Client may be premedicated with diphenhydramine to prevent reaction.
- See Client and Family Teaching.
- Notify the physician and the radiologist of any known or possible allergy to determine if premedication will be prescribed.
- Obtain baseline prothrombin time, clotting time, and platelet counts. Notify the physician and the radiologist of any abnormalities. Transfusion to normalize coagulation may be prescribed just before the study.
- A sedative may be prescribed, especially for children. Monitor the respiratory status continually if sedation is given.
- Perform a surgical scrub and obtain povidone-iodine solution, 2% lidocaine (Xylocaine), a 23-gauge flexible needle, sterile gloves and drapes, and contrast medium.
- Have emergency equipment readily available.
- When this procedure uses the small, flexible needle, surgical backup is no longer considered necessary.
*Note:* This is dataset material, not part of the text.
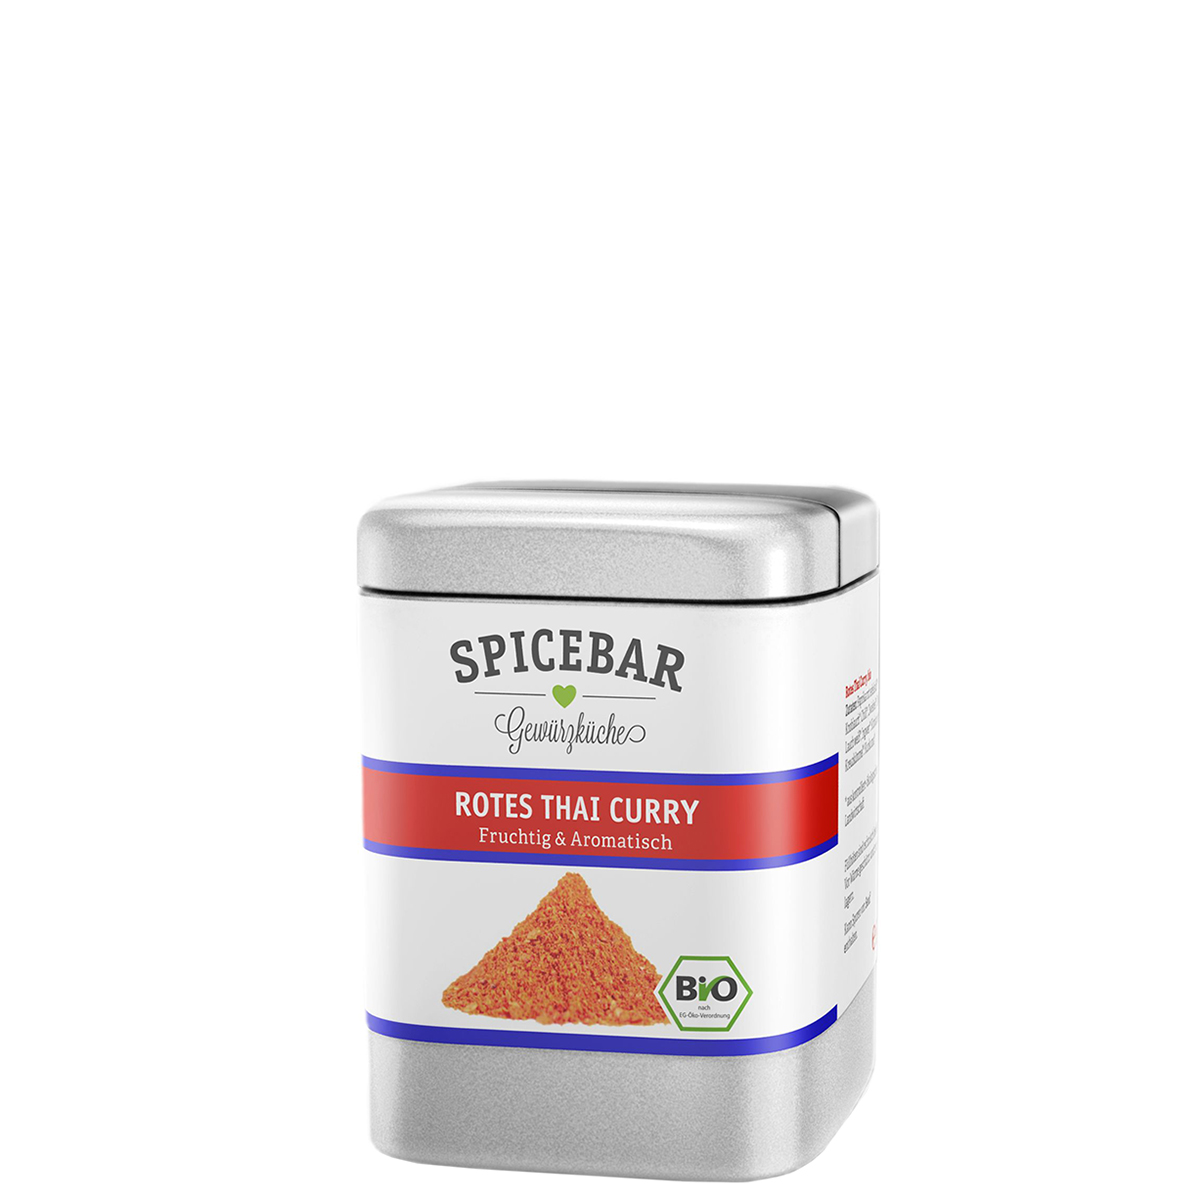 Spicebar Rotes Thai Curry, bio Inhalt 80g

If a large-bore needle is used, this procedure should have surgical backup.
- Just before beginning the procedure, take a “time out” to verify the correct client, procedure, and site.
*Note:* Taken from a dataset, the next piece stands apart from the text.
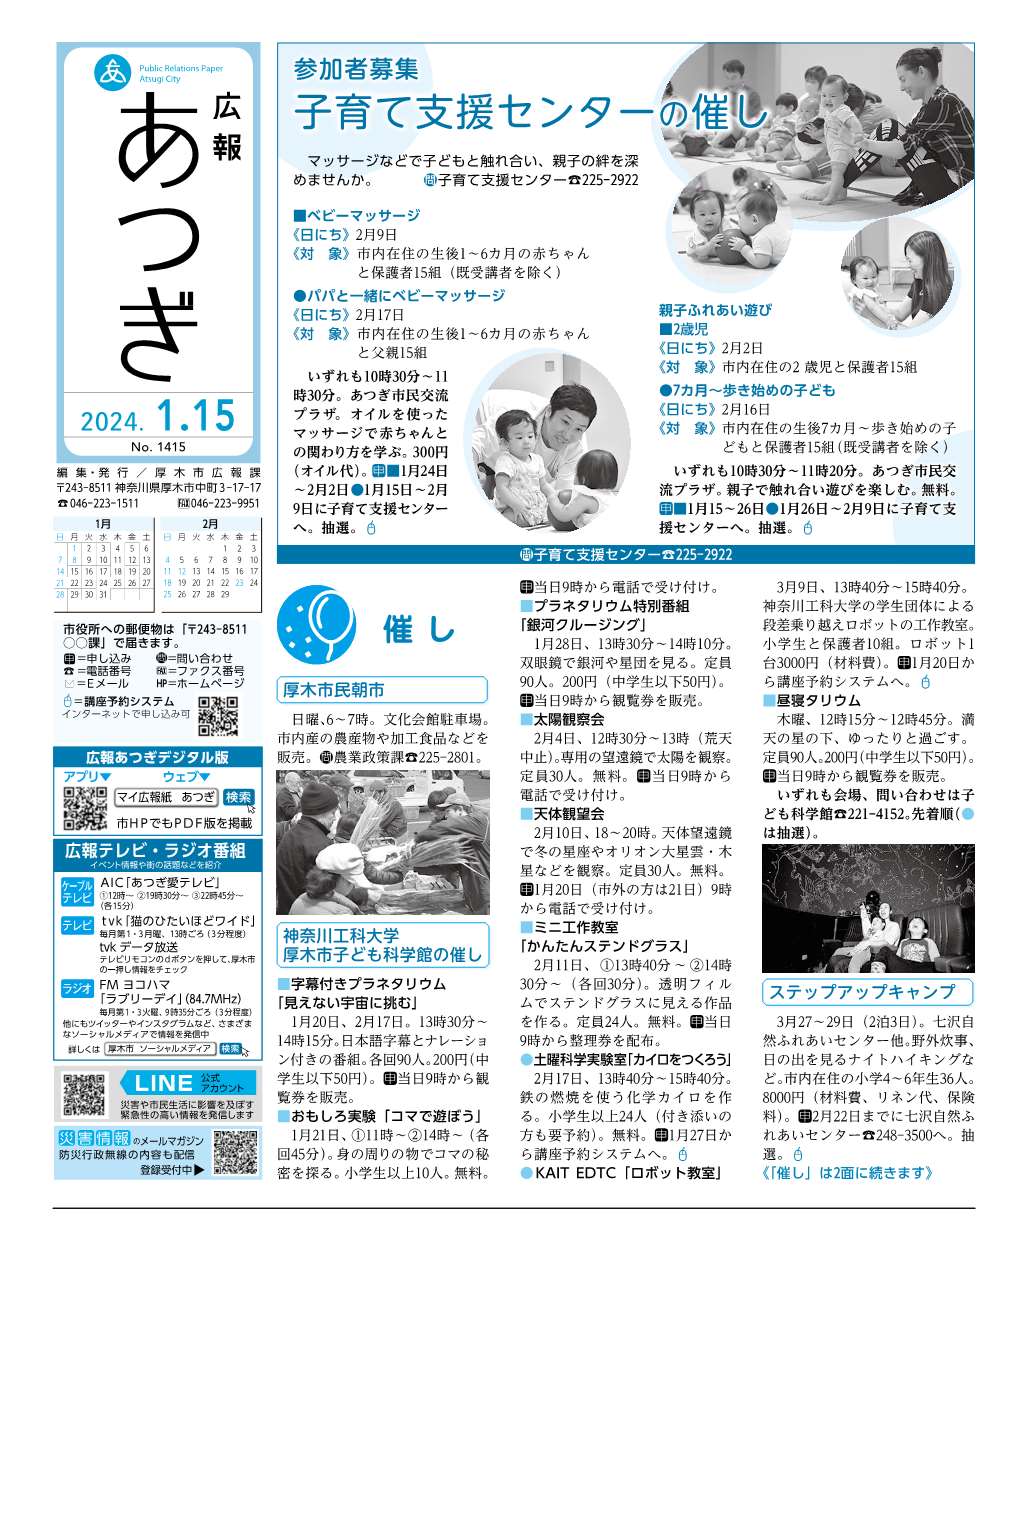 広報あつぎ1月15日号の1面のイメージ画像

- The client is secured in a supine position on the fluoroscopy tilt table.
- The upper right quadrant of the abdomen is cleansed with surgical scrub solution and prepared with povidone-iodine solution. The entire abdomen is covered with sterile drapes.
- The skin is anesthetized with 2% lidocaine.
- By means of a long, flexible, 23-gauge needle, the liver is punctured, and the needle is advanced under fluoroscopy until bile is aspirated from the duct. A small amount of contrast dye is injected, and placement is visualized by fluoroscopy. Once the needle is located in the biliary tract, the remaining contrast dye is injected. If the bile ducts appear dilated, the contrast material will be diluted to allow for full visualization of the biliary tract without additional contrast-medium dose.
- Fluoroscopy is used to observe the flow of contrast medium through the ducts into the small intestine. It may be necessary to gently rotate the scanning table vertically and horizontally, or the client may be asked to change to a side-lying position. Erect or decubitus films may be required to visualize the complete system.
- Apply a dry, sterile dressing to the injection site.
- Assess the injection site for bleeding, swelling, or tenderness every hour × 4 and then every 8 hours until 24 hours after the procedure.
- Continue post sedation assessment of the respiratory status. If deep sedation was used, follow institutional protocol for post sedation monitoring. Typical monitoring includes continuous ECG monitoring and pulse oximetry, with continual assessments (every 5–15 minutes) of airway, vital signs, and neurologic status until the client is lying quietly awake, is breathing independently, and responds to commands spoken in a normal tone.
- Maintain bed rest for several hours as prescribed. A right side-lying position may be prescribed.
- Resume previous diet.
- Analgesics may be prescribed for pain.
- Observe for signs of septicemia, peritonitis, hemorrhage, and tension pneumothorax.
- Antibiotics may be continued for 2–3 days.
Client and Family Teaching
- Fast from food and fluids for 8–12 hours before the procedure.
- A mild laxative such as magnesium citrate may be prescribed the night before the procedure.
- Antibiotics may be prescribed during the 24–48 hours before the procedure.
- Transient pain may be experienced during the injection of the dye.
- It is important to lie still for the study to avoid injury to internal organs. Sedation may be used to help you lie still.
- There should be a responsible adult available to take you home and care for you for 24 hours.
- Surgical intervention may be required if obstruction is diagnosed.
- The procedure takes up to 1 hour.
Factors That Affect Results
- Gas overlying the biliary ducts or obesity can interfere with radiograph clarity.
- Barium, from previous studies, may interfere with the fluoroscopy.